EXERCISE OBJECTIVE ::
With pictures excluded, repeat exactly the lines from the one containing "Jakie legowisko dla psa wybrać?" through the last line of the material below.

RAW DATA ::
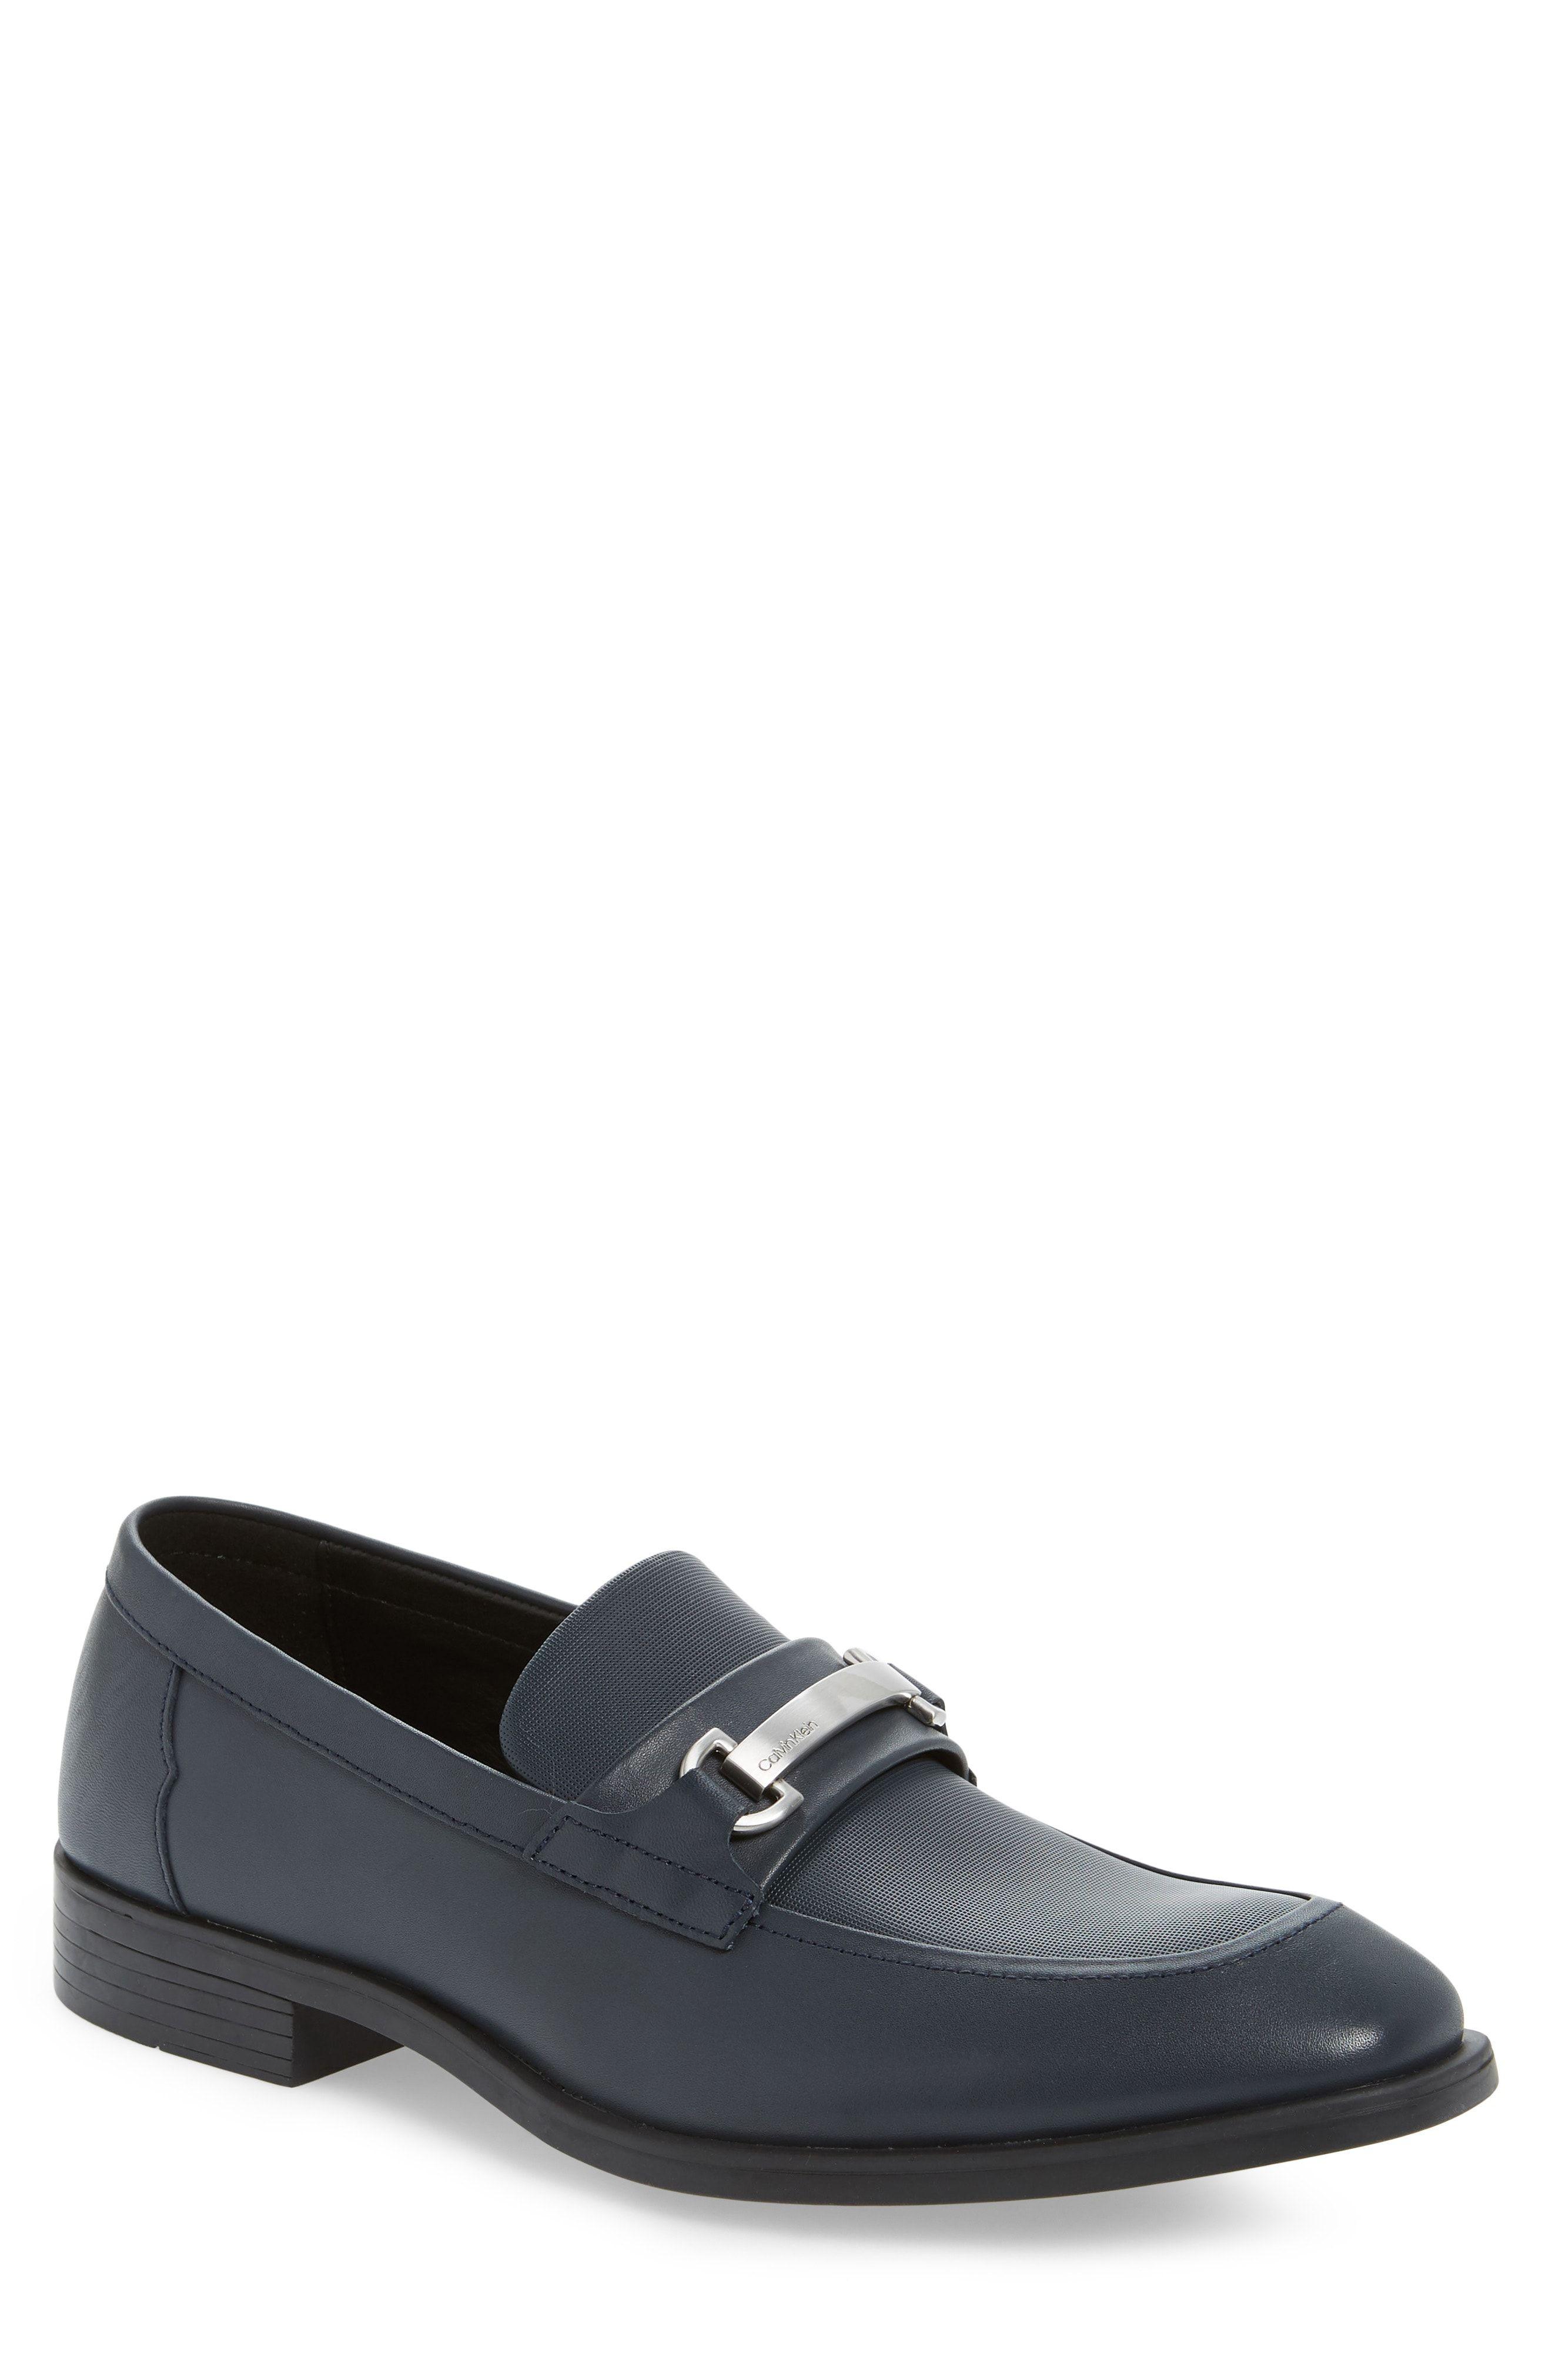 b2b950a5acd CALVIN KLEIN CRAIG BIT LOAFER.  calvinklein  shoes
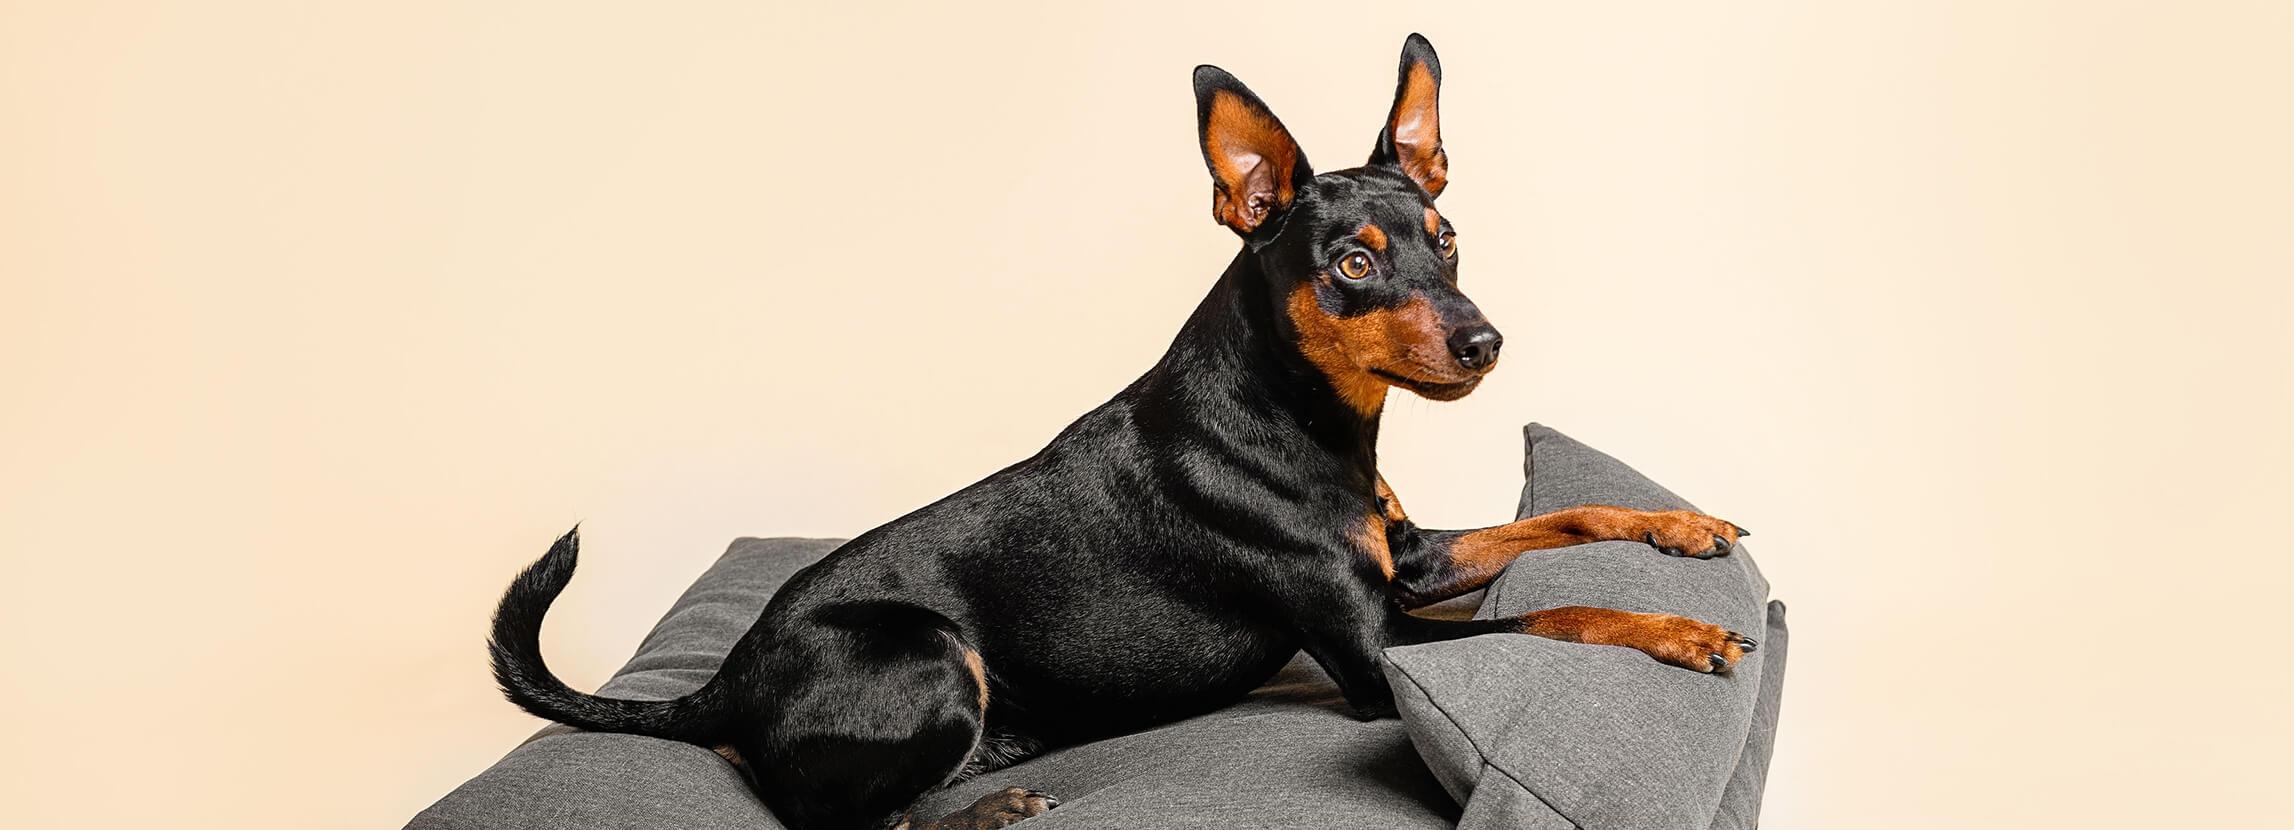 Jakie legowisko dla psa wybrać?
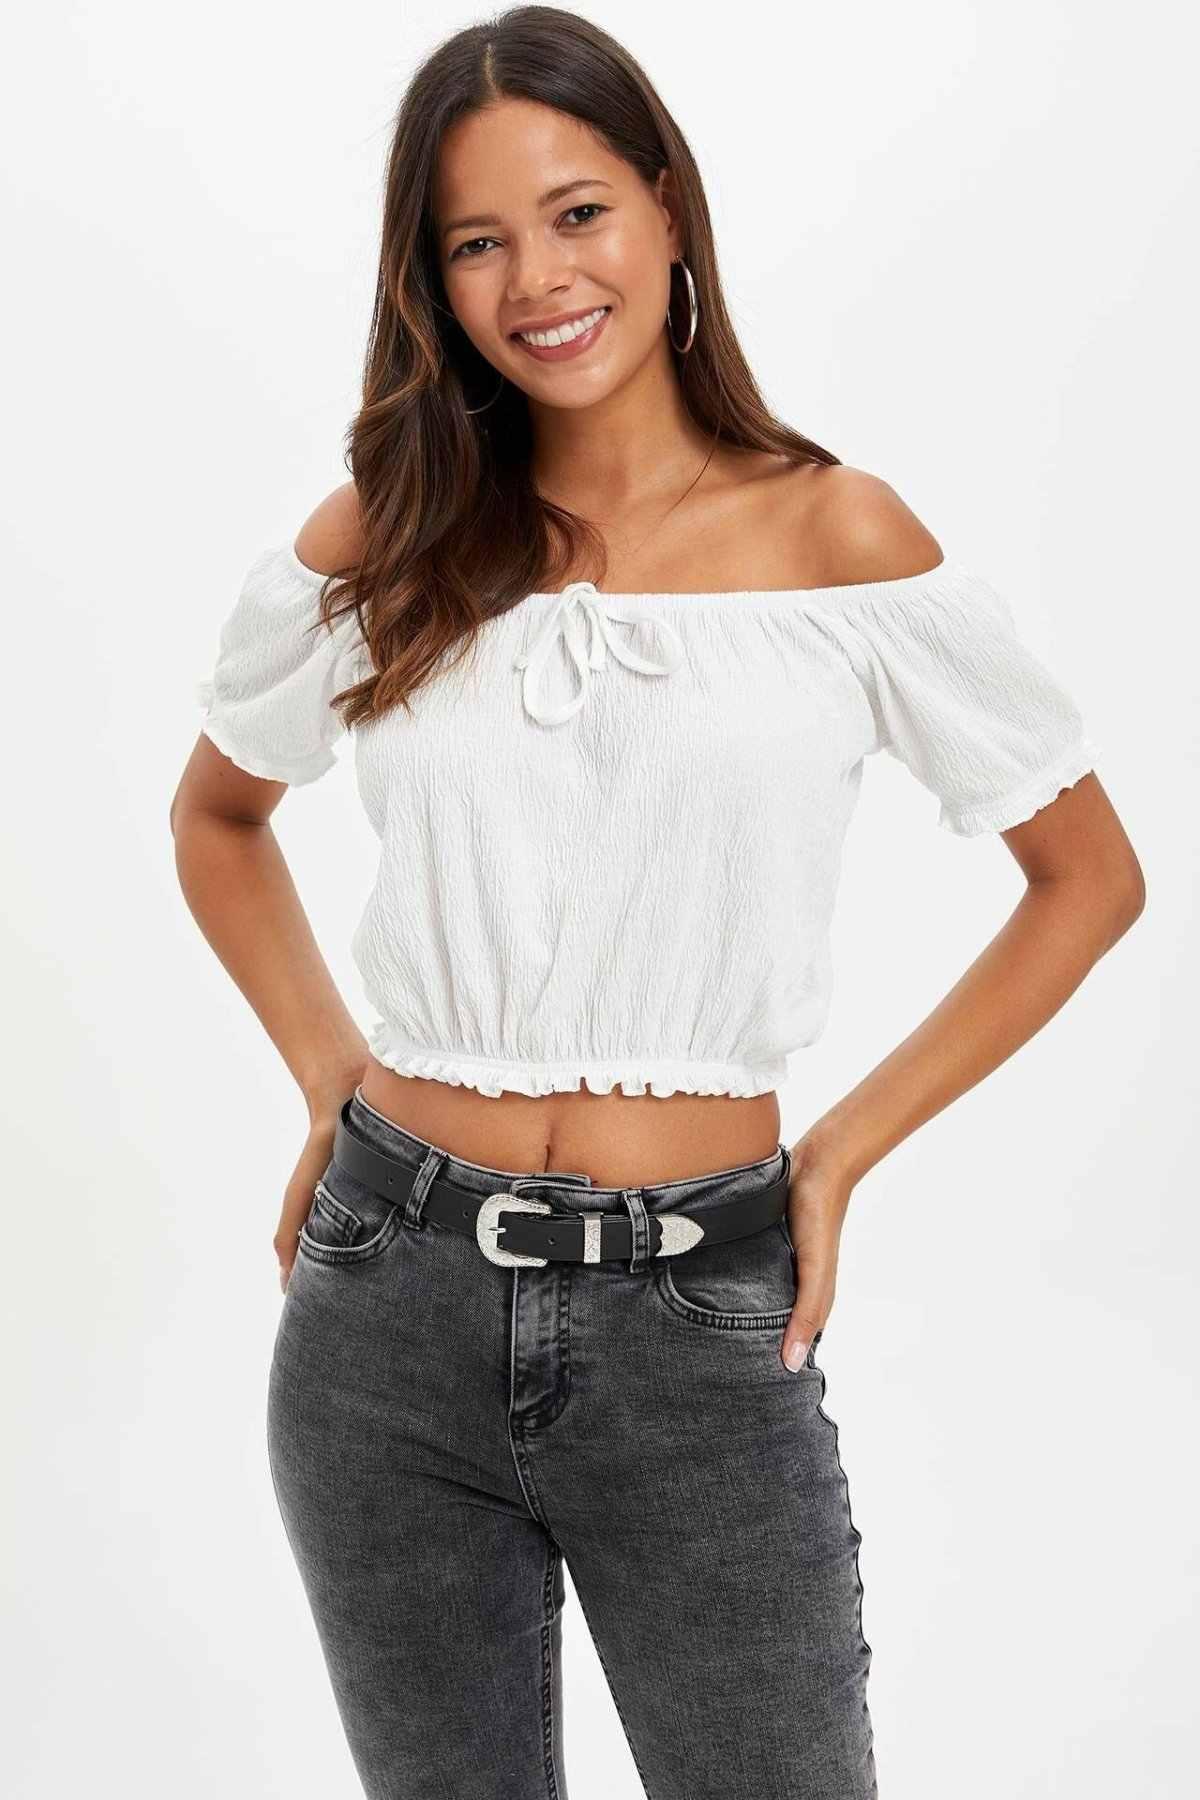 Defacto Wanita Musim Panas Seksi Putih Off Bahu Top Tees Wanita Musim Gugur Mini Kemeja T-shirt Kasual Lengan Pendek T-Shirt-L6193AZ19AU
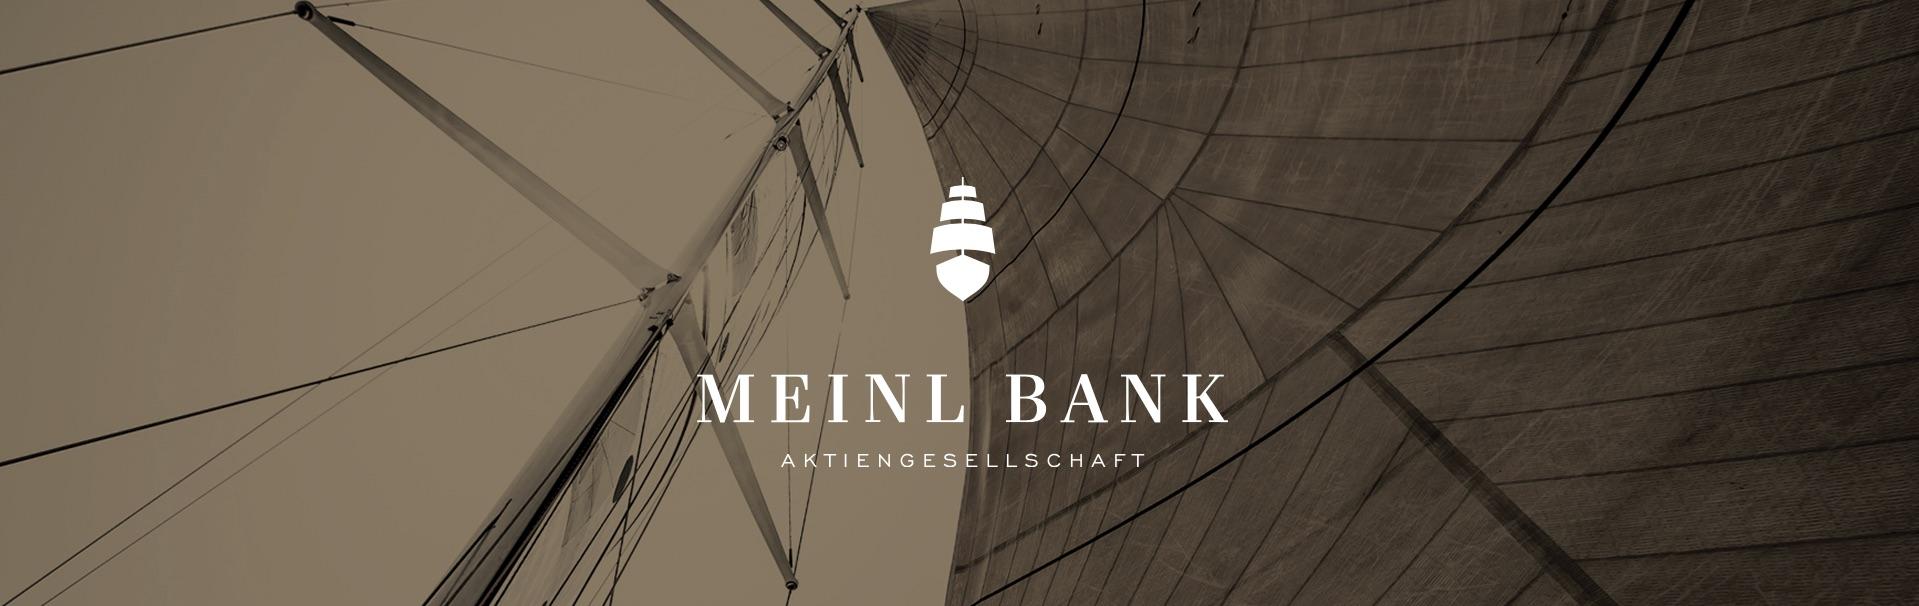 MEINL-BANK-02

TASK ANSWER ::
 Jakie legowisko dla psa wybrać?
 Defacto Wanita Musim Panas Seksi Putih Off Bahu Top Tees Wanita Musim Gugur Mini Kemeja T-shirt Kasual Lengan Pendek T-Shirt-L6193AZ19AU
 MEINL-BANK-02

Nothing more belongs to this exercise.